Re: [Xenomai] native/heap: "removing non-linked element"

[Gilles Chanteperdrix <gilles.chanteperdrix@xenomai.org>]

On 05/09/2013 06:13 PM, Gilles Chanteperdrix wrote:

> On 05/02/2013 08:45 PM, Kai Bollue wrote:
> 
>> Hello,
>>
>> we experience a crash upon unbinding of a previously deleted (and 
>> cleaned up) shared heap.
>> Scheme:
>> - Process A calls rt_heap_create() (with H_SHARED flag), waits for some 
>> time and then terminates.
>> - Process B calls rt_heap_bind() on that heap, uses it and calls 
>> rt_heap_unbind() (or terminates) after process A has terminated.
>>
>> Then the system crashes after the output of "Xenomai: removing 
>> non-linked element, holder=ffffc900125e4940, qslot=ffff880427aa90f8 at 
>> kernel/xenomai/skins/native/heap.c:374".
>>
>> The crash does not always happen, but can quite reliably be reproduced 
>> by starting process A in a loop from bash (while [ TRUE ]; do ...) and 
>> keeping process B running.
>>
>> Two aspects seem to be crucial:
>> - Calling rt_heap_delete() in process A is not sufficient to reproduce 
>> the problem, the process has to terminate (the cleaning up seems to be 
>> relevant).
>> - We could only reproduce the crash as long as process B accessed the 
>> heap after process A had terminated (e.g. using memcpy).
>>
>> As a workaround, it could be tried to avoid access to a deleted heap, 
>> but it is not always possible to detect the termination of process A on 
>> time in such a constellation.
>>
>> The system:
>> - AMD AM3 FX-8350
>> - Debian 6.0
>> - Kernel 3.5.7
>> - Xenomai 2.6.2.1
>>
>> We also tested this on an older system (Xenomai 2.6.0, Kernel 2.6.37): 
>> Here, both processes hung indefinitely and could not be killed, but the 
>> system did not crash.
>>
>> Any hints are appreciated.
>>
>> Attachments:
>> - Console output
>> - Code of process A
>> - Code of process B
> 
> 
> Hi Kai,
> 
> thank you very much for your test case, it allowed to reproduce the
> issue and try and understand what happens.
> 
> From what I understand, processA creates the shared heap which is added
> to the list of the objects it holds (xeno_get_rholder()), when processA
> dies, the heap is removed from the list, but not destroyed because it is
> also bound to processB.
> 
> Then processB unbinds the heap, which triggers an auto-destruction,
> which tries to remove the heap from processA list again.

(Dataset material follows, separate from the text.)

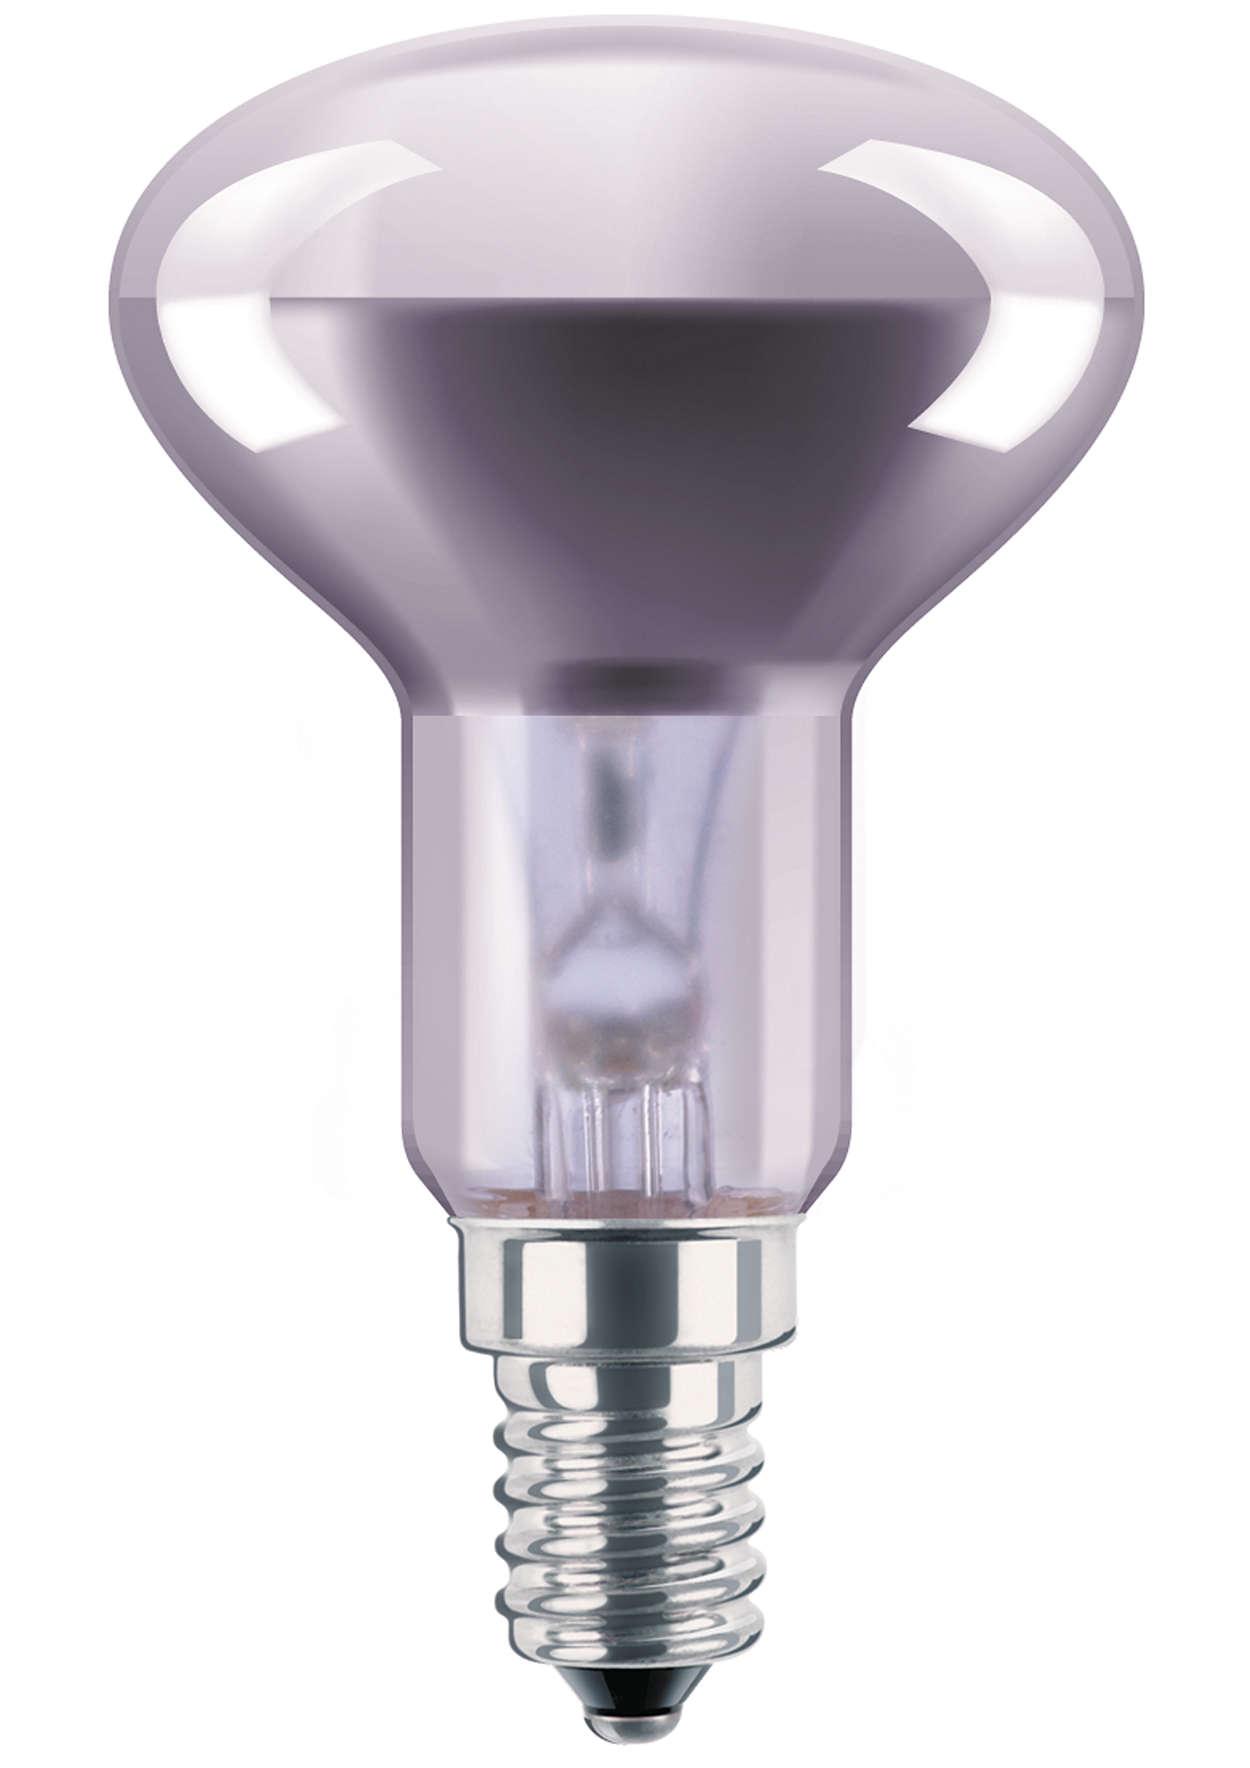 Neodyymilampulla varustettu heijastinlamppu

If processA
> control block has not been re-used, this works, because the list is
> still there, if processA has be re-launched, the control block has been
> reinitialized, as well as the list, so removing the element from the
> list fails.
> 
> I see several possible corrections:
> - get rt_heap_delete to return an error when the heap is currently bound
> to another process (EBUSY for instance), while still unmapping it from
> the current process. This will cause __xeno_flush_rq to move the heap to
> the "global" ressource holder, where it can safely be deleted later
> - put any rt_heap with the H_MAPPABLE flag directly on the global
> ressource holder, as it is a global object anyway, this means that when
> a process which created a mappable heap dies, the heap survives, but
> this is maybe what should be expected from shareable heaps.


- or remove the rt_heap from the list directly in rt_heap_delete, it
does not seem to make sense to keep it in the list after it has been
deleted: it will be automatically deleted when the last process bound to
it unbinds it anyway.

-- 
                                                                Gilles.